Have a question about this project? Sign up for a free GitHub account to open an issue and contact its maintainers and the community.

By clicking “Sign up for GitHub”, you agree to our terms of service and privacy statement. We’ll occasionally send you account related emails.

Already on GitHub? Sign in to your account

proposal: slices: add CollectN with preallocated size. #68261

Open
earthboundkid opened this issue Jul 1, 2024 · 16 comments
Open

proposal: slices: add CollectN with preallocated size. #68261

earthboundkid opened this issue Jul 1, 2024 · 16 comments
Labels
Milestone

Comments

@earthboundkid
Copy link
Contributor

Proposal Details

As discussed in #61900, it's a shame that slices.Collect(maps.Keys(m)) and slices.Sorted(maps.Keys(m)) don't preallocate the size of m. You can work around it by writing slices.Sorted(slices.Append(make([]T, 0, len(m)), maps.Keys(m))), but that's kind of ugly.

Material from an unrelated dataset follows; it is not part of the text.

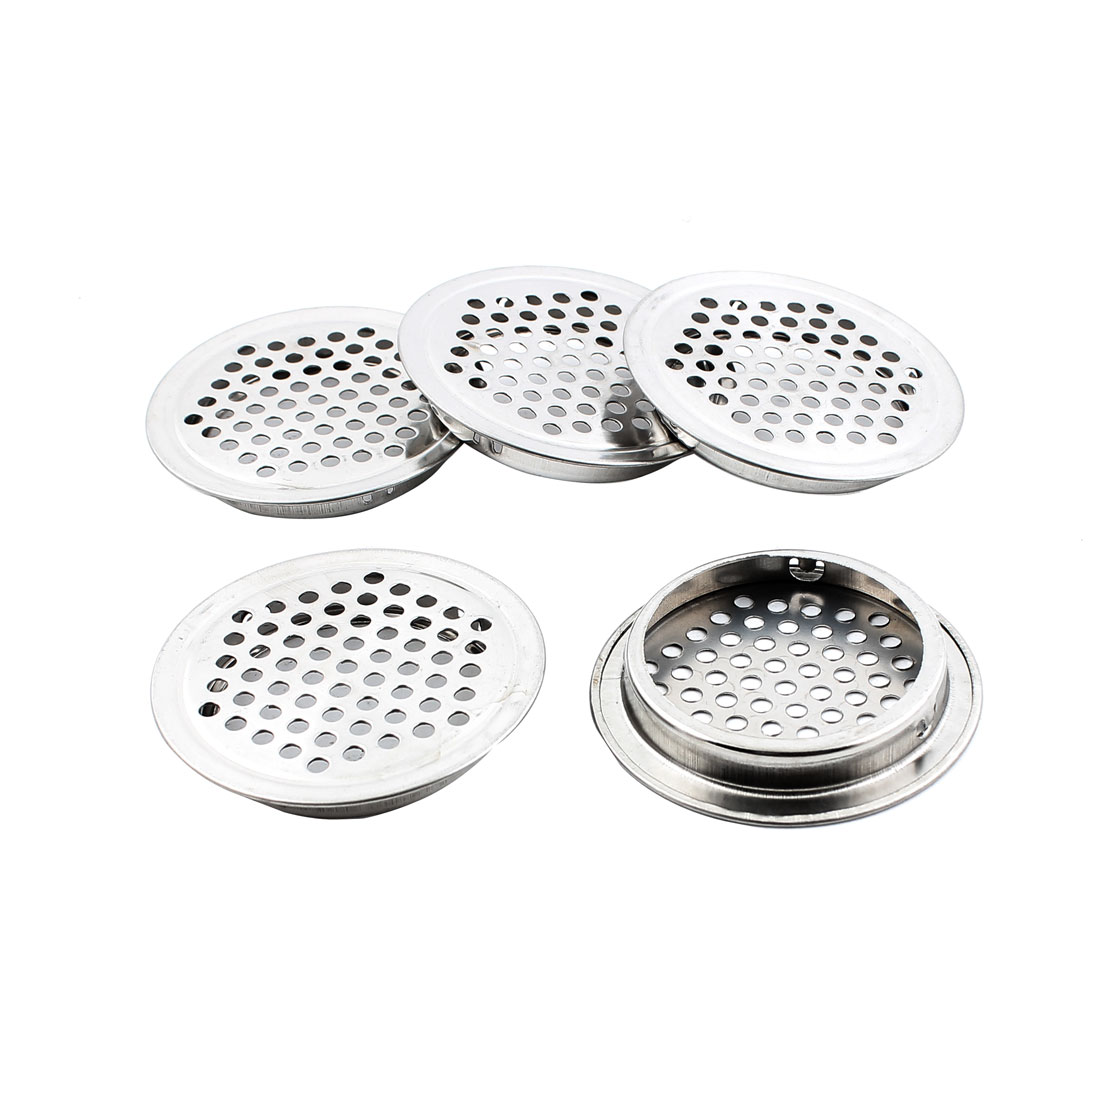 53mm Bottom Dia Perforated Metal Round Mesh Air Vents Ventilation 5PCS

I propose adding func CollectN[S ~[]T, T any](seq iter.Seq[T], minsize int) S to slices that just returns Append(make([]T, 0, minsize), seq). It would help with map keys but also other container types where you know the length in advance or can at least make a good guess.

Sorting map keys more efficiently would look like keys := slices.CollectN(maps.Keys(m), len(m); slices.Sort(keys).

@fzipp
Copy link
Contributor

fzipp commented Jul 1, 2024

The name gives me more maxsize than minsize vibes.

@andig
Copy link
Contributor

andig commented Jul 1, 2024

Sorting map keys more efficiently would look like keys := slices.CollectN(maps.Keys(m), len(m); slices.Sort(keys).

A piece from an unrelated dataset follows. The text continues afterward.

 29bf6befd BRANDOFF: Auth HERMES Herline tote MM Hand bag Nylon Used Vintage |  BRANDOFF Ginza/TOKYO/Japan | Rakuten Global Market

I guess we'd rather change the implementation of slices.Sorted to use CollectN internally? But maybe not.

That said, the function signature is not particularly nice. I guess (sorry, no evidence) that the majority of use cases is around the functions of maps.KeysSlice() and maps.ValuesSlice(). If that's the case, then remaining cases could be covered as above by:

slices.Append(make([]K,0, len(m)), seq)

Are there other wide-spread cases that need to be covered?

@earthboundkid
Copy link
Contributor Author

The name gives me more maxsize than minsize vibes.

ChatGPT suggests the name slices.CollectWithCapacity. Seems little long. CollectWithCap?

I guess we'd rather change the implementation of slices.Sorted to use CollectN internally? But maybe not.

I don't understand. Are you suggesting adding slices.SortedWithCap? It wouldn't be possible to use CollectWithCap internally since Sorted couldn't know the minimum length.

Sorted is just Collect+Sort, so I don't see the point of making a bunch of variations on it. If you need better Collecting, then use CollectWithCap, if not, use plain Sorted.

Are there other wide-spread cases that need to be covered?

I think this would be a good general purpose tool. You could use it with a hypothetical container/set type, for example, or if we ever genericize container/list and container/heap. I have a generic deque type I would have used this with if it had existed.

@andig
Copy link
Contributor

andig commented Jul 1, 2024

I have a generic deque type I would have used this with if it had existed.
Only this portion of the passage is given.